February 24, 2019 Leave a comment Go to comments

I just love going to the theatre. There’s something incredible about seeing actors perform live and imagine all the practice, constant organization and talent to direct a play and be on stage night after night. I have a subscription to the Théâtre des Célestins in Lyon but I also go to other theatres when I have the chance.

 

I had the opportunity to go to Paris and stay a night. I booked a seat at the Théâtre Le Palace to go and see The Comedy About a Bank Robbery by Henry Lewis, Jonathan Sayer and Henry Shields. (2016) translated into French as Le gros diamant du Prince Ludwig. This comedy originally created in London won the Molière prize for Best Comedy in 2018.

The Comedy About a Bank Robbery is a crime-fiction vaudeville. Yes, this genre exists. Its playwrights have also written The Play That Goes Wrong, a disaster whodunnit I had the pleasure to see at the Théâtre Saint-Georges, also in Paris. At the time, it helped me realize what a well-oiled machine a theatre play must be.

Set in Minneapolis in 1958, The Comedy About a Bank Robbery has a rather simple plot. The Prince Ludwig of Hungary is coming to Minneapolis to retrieve the big diamond he left in the custody of the city’s bank. The perspective of this huge diamond whets the appetite of the local criminals, confirmed or amateur. Take Mitch, who escapes from prison with Cooper in order to steal this priceless diamond. His first stop in Minneapolis is for his lover Caprice, the daughter of the bank’s director. She’s a crook who lives off her charms, not as a hooker but more as a kept woman. When Mitch arrives, she had just sunk her claws into a new prey, Dave. He’s a lowly pick-pocket whose mother Ruth works as a teller at the bank but she thinks he’s rich and has a bright future.

Imagine a play where Dalton-like characters try to rob a bank. Ruth looks like a provincial Marylin Monroe. She and Caprice are the femmes fatales of the play, Ruth using of her charms on the bank security team and Caprice manipulating Mitch, Dave and her father’s long-life intern.

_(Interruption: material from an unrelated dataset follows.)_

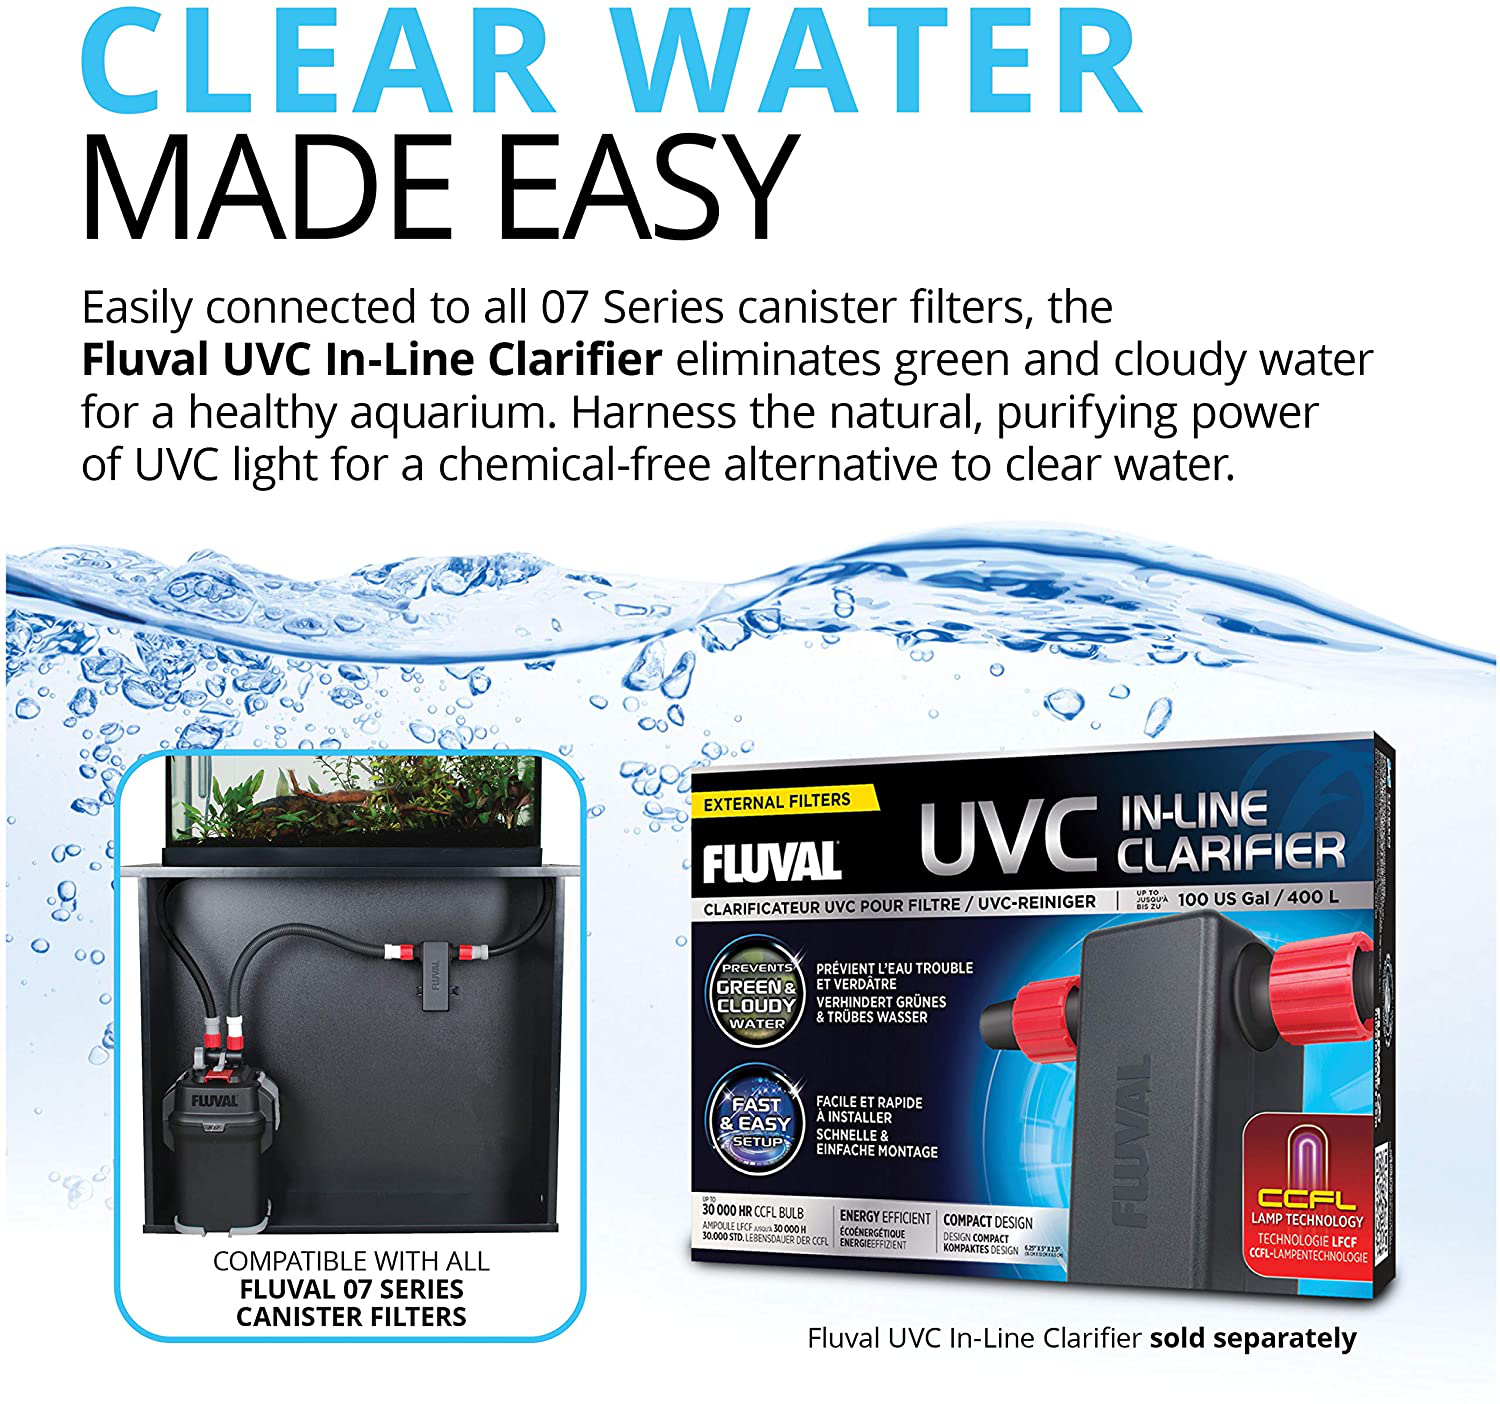 Clarificateur UVC Fluval pour filtre, jusqu'à 100 gal US

The whole thing is farcical with all the usual tricks of a laugh-out-loud comedy. The production was innovative, especially for the scene where Mitch, Cooper, Caprice and Dave are in the ventilation ducts, trying to find out where the strongroom is. It’s fast-paced, funny, full of mistaken identities and people hiding in faulty fold-up beds and cupboards. It respects the codes of crime fiction with the guy embarked in criminal activities for the sake of a woman (Dave), a hardened criminal on the run, ready for anything except failure and going back to jail. (Mitch) The parallel work of two femme fatales from two different generations, middle-aged Ruth and young Caprice, keeps the action going. You never get bored with this entertaining play, its twists and turns and characters that are so stupid that they are hilarious.

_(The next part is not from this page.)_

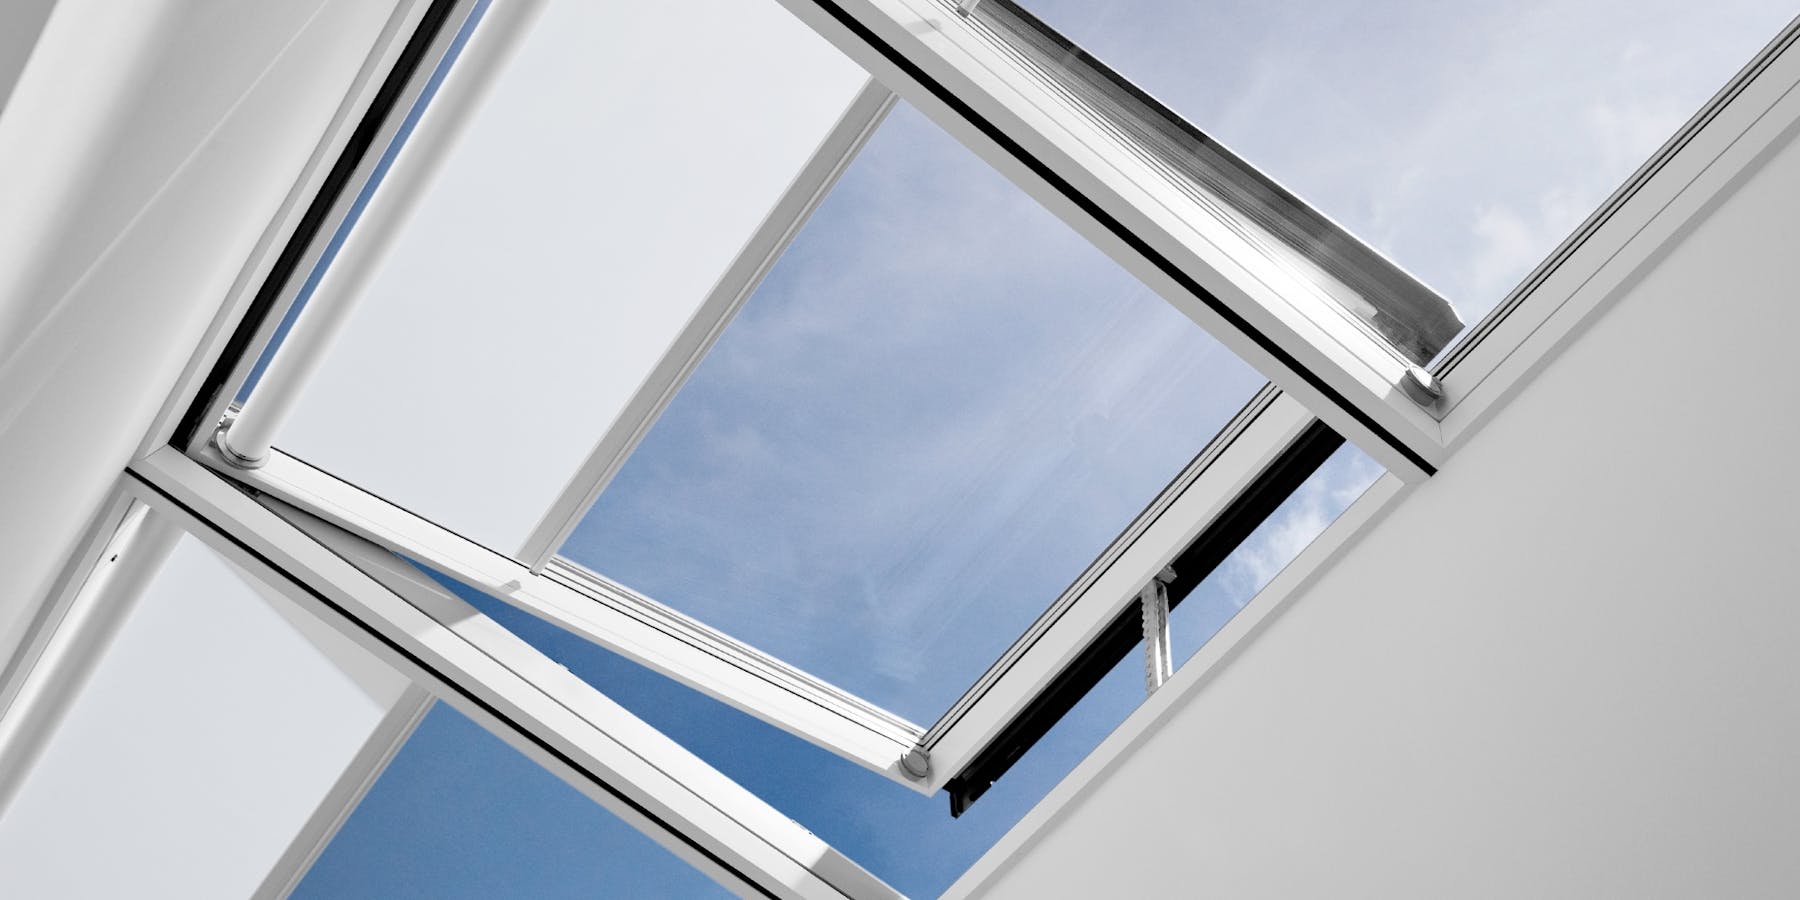 Dachfenster reparieren Lichtwunder Velux | Rollo

Highly recommended if you’re looking for an evening of fun. It’s still on at the Théâtre Le Palace in Paris and it’s on tour in Ireland and the UK. It’s appropriate for children too.

The week after, I booked seats to see Life Is a Bathroom and I Am a Boat by and with Ivan Gouillon, produced by the Théâtre Comédie Odéon in Lyon. (I looked it up, there are more than fifty theatres in the Lyon area).

According to its program, Life Is a Bathroom and I Am a Boat is a musical fantasy. Accompanied by a pianist, Igor the Magnificent tells his story as an artist on transatlantic cruises, starting with how he survived the Titanic shipwreck. Our mythomaniac but friendly narrator takes us through the twentieth century, mentioning Proust, Churchill, Fitzgerald and others. He seems to have survived all the great shipwrecks of the century, befriended people who became famous and unintentionally inspired masterpieces and political events. I bet you didn’t know that The Great Gatsby was meant to be The Great Igor but since Igor and Fitzgerald had fall-out, Fitzgerald eventually changed the character’s name. The whole show is like this, taking us down memory lane with a pleasant character who obviously lies but is still charming. There are a lot of famous songs in the show illustrating the times Igor is telling us about. They are standards the public knows well and we spend quite a pleasant evening in Igor’s company. He’s a cabaret artist, mixing singing and comedy.

It’s a feel-good show. Igor’s story is unrealistic and his adventures are deliciously farfetched. He’s probably nothing more than a bathroom singer who dreams a little too much. But he takes us with him on this fanciful journey, leaving our worried at the theatre door to sing along with him.

Next theatre episode will be: A Midsummer Night’s Dream.

  1. February 25, 2019 at 12:19 am

    Would it be curmudgeonly to point out that Mitch escapes from prison not evades from prison? As a man who massacres the French language every day I am in awe of your command of English. The plays sound like fun too. Here in Montmorillon we have a theatre – the Little Theatre – with a seating capacity of 50. Best from James

    Liked by 1 person

    • February 25, 2019 at 8:41 am

      I had to look up “curmudgeonly” 🙂 It’s not curmudgeonly at all. I made the change and as you speak French, you know where the mistake comes from. Pesky faux amis.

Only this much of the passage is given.